Too Much Manure on Too Little Land
Animal manure can be a valuable fertilizer source. But the sheer quantity of manure that is the byproduct of large-scale animal confinement operations makes it more difficult to apply manure at a rate at which it can be absorbed by crops.[10] The quantity of manure is magnified since feedlots are often clustered in close proximity to each other in small geographic areas in order to be close to slaughterhouses and inexpensive feed supplies.
Applying too much manure to farmland sends pollutants into rivers, streams, groundwater and air, which serves as yet another pathway to water. In a North Carolina state study, the nitrates in shallow groundwater below fields sprayed with liquid manure have been measured at rates five times the human health standard; in long-term sprayfields, the rates have been as high as thirteen times the human health standard.[11]
Pollutants of Concern
The pollution from animal waste can harm waterways, human health and aquatic life. The primary pollutants of concern are nutrients (nitrogen and phosphorus), pathogens like bacteria and viruses, and heavy metals.
Phosphorus and nitrogen from manure are major water pollutants. At high levels, phosphorus is acutely toxic to fish; at lower levels, phosphorus and nitrogen over-enrich water bodies, causing an excess of algae (a process called "eutrophication").
Oxygen in water is a basic requirement for a healthy aquatic ecosystem. Severe oxygen depletion usually results when large quantities of organic matter, such as animal manure, pollute waterways. Prolonged exposure to low oxygen conditions can suffocate adult fish and their eggs or starve them by killing their prey. An example of the possible harm that may be caused by excessive nutrients is the development of a large oxygen-depleted "hypoxic" area known as the "dead zone" in the Gulf of Mexico. This dead zone, responsible for massive fish kills, now covers extensive areas of the continental shelf south of Louisiana at certain times of the year.[12] Related problems of nutrient enrichment and eutrophication include noxious algae that have toxic effects on marine life.[13] Nutrient pollution has been linked to the growth of a type of organism known as Pfiesteria piscicida,[14] which has been implicated in major fish kills in coastal waters in North Carolina. In 1997, Pfiesteria piscicida killed more than 30,000 fish in the Chesapeake Bay,[15] whose Eastern Shore suffers from the over-application of poultry manure on farmland. Pfiesteria is also toxic to humans.[16]

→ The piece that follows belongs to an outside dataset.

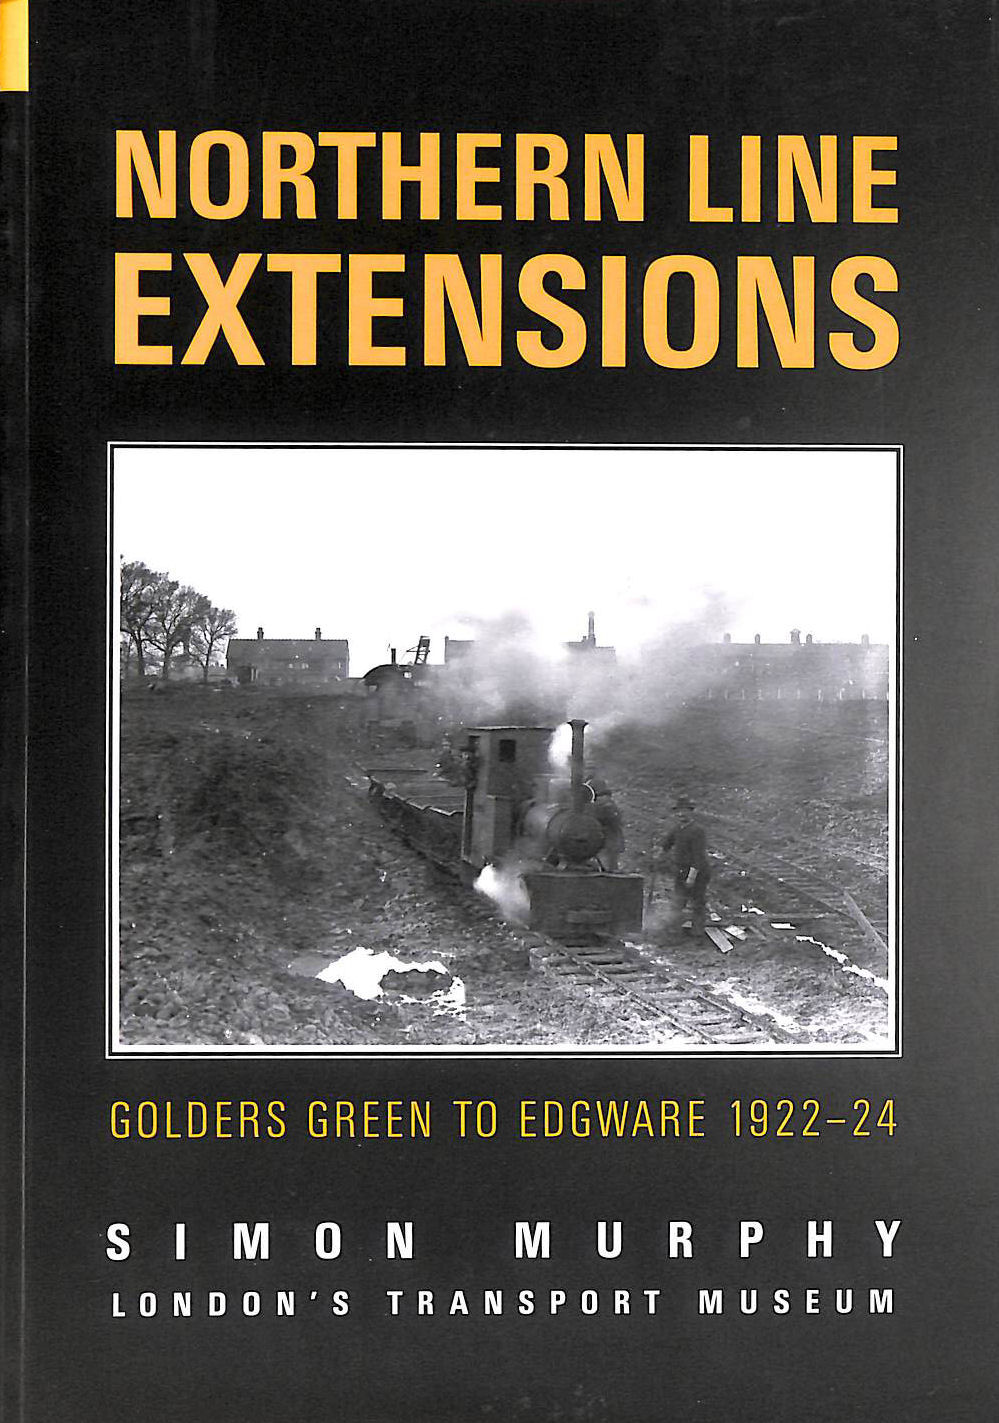 SIMON MURPHY - Northern Line Extensions Golders Green to Edgware 1922 - 24

Ammonia is a toxic form of nitrogen that causes algae blooms and fish kills in coastal waters. Open-air lagoons emit ammonia into the air. Sprayfields and barns also contribute to the problem.[17]Some of the ammonia emitted from factory farms is deposited into waterways or fields about 50 miles away through water or fog, and the rest changes into a drier, airborne form that can travel hundreds of miles away.[18]In Sampson County, North Carolina, the amount of ammonia in the rain doubled between 1985 and 1996, a period of major expansion in the hog industry.[19]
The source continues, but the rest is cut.